ProjAnalysis is an analysis tool for WikiProjects on the English Wikipedia. The tool will produce a CSV file listing each user, the number of edits they've made to the project's space (i.e. the WikiProject page itself and its subpages), and the number of edits they have made to pages that are in that WikiProject's scope. Currently the script is configured to run the analysis on a one-year period beginning on March 1, 2014 and ending February 28, 2015.
ProjAnalysis comes in two parts: projanalysis.py, containing the ProjAnalysis class, and execution.py, which produces the list of bots to exclude from the analysis and includes the list of WikiProjects to analyze.
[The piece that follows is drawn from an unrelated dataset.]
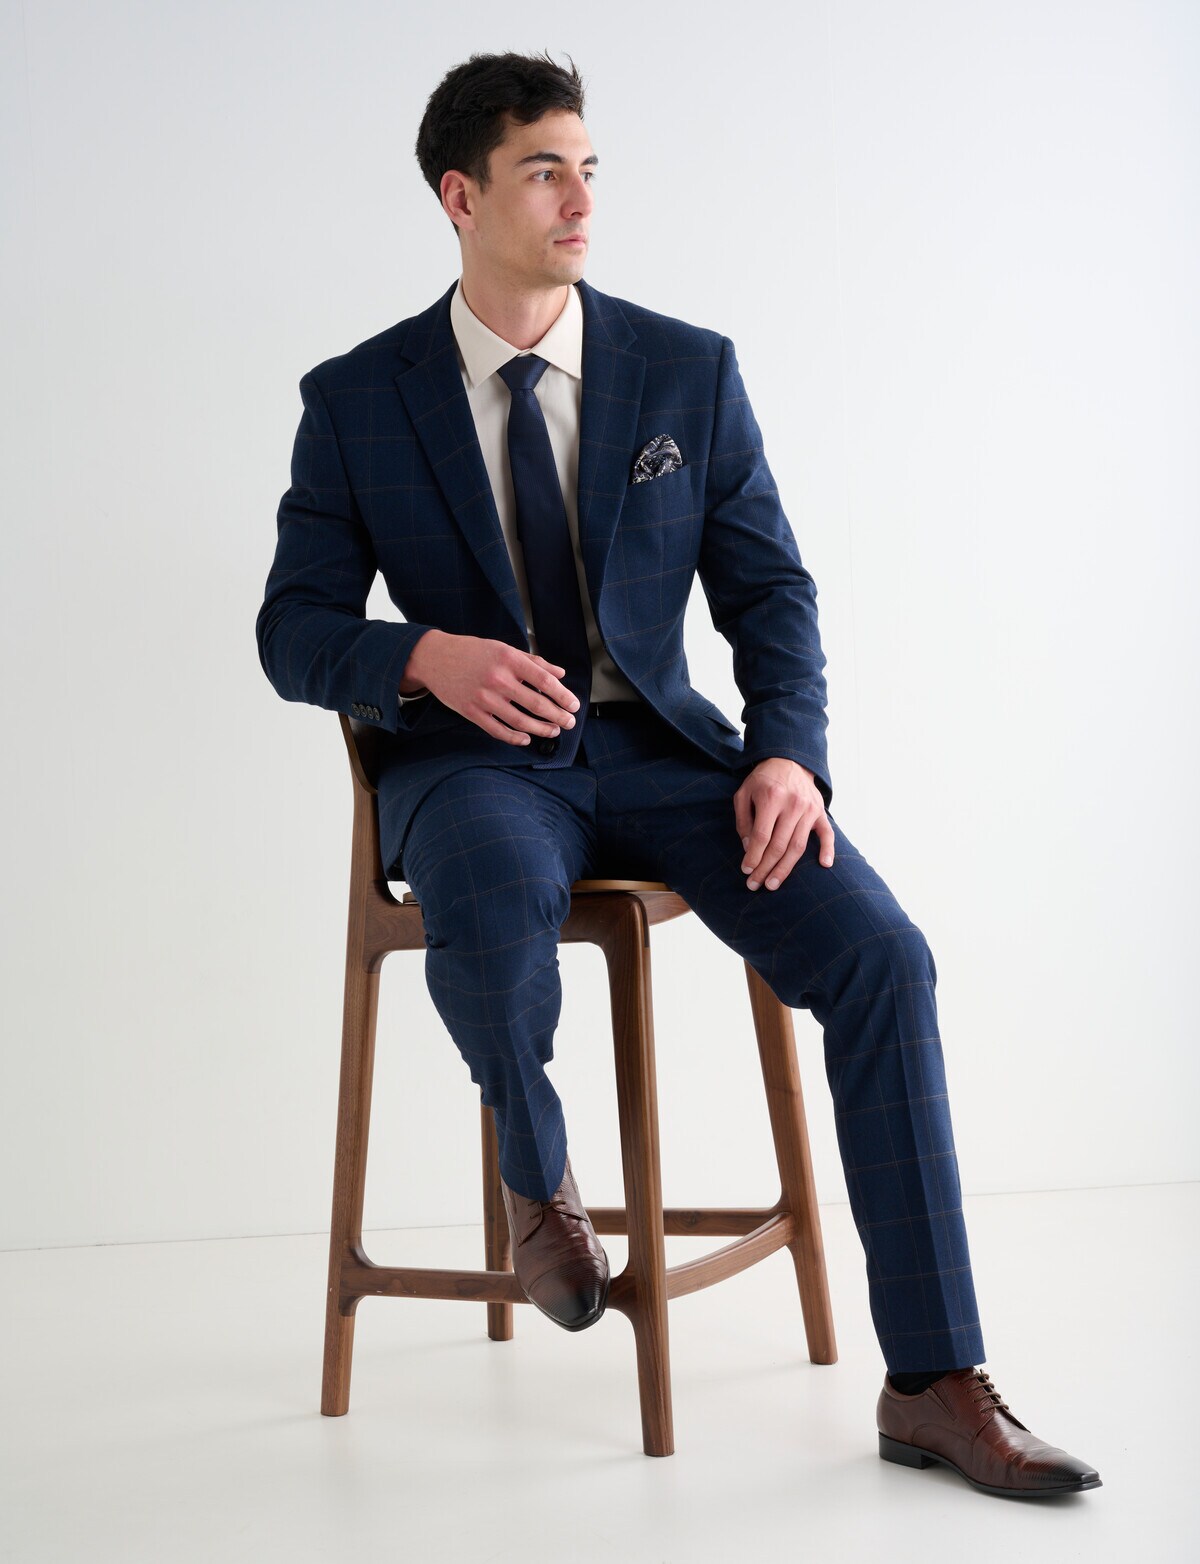 Laidlaw + Leeds Tailored Check Jacket, Navy & Tan - Suit Jackets & Pants

If you want to analyze a WikiProject, you will need to edit the pairs dictionary in execution.py. Each entry in the dictionary is in turn a dictionary with two items. The first item is the name of the WikiProject itself (the page title without the "Wikipedia:" part) and the second part is the name of the WikiProject banner (without the "Template:" part). It turns out in practice the two will have identical titles (for example, "Wikipedia:WikiProject Star Trek" and "Template:WikiProject Star Trek"), but I coded it like this in case for whatever reason the two titles differ. Once you have configured execution.py with your files, go ahead and run it. This is intended to be used in Python 3.
Current issue:
- The script's workflow assumes that each WikiProject has a dedicated WikiProject banner. This is not always the case! Some WikiProjects have consolidated their banners into banners of larger projects. For example, WikiProject District of Columbia is given a line on the template for the broader WikiProject United States. An alternative workflow will need to be developed that depends on the WikiProject assessment category tree, or something else that figures out the pages in the project scope.
- Originally, the script relied on the API exclusively. This created a huge bottleneck when loading thousands of pages. Now THAT part is handled strictly by database querying, which is extremely fast. API is still used in parts, so we have something of a hybrid solution going. At some point it should switch to being all database.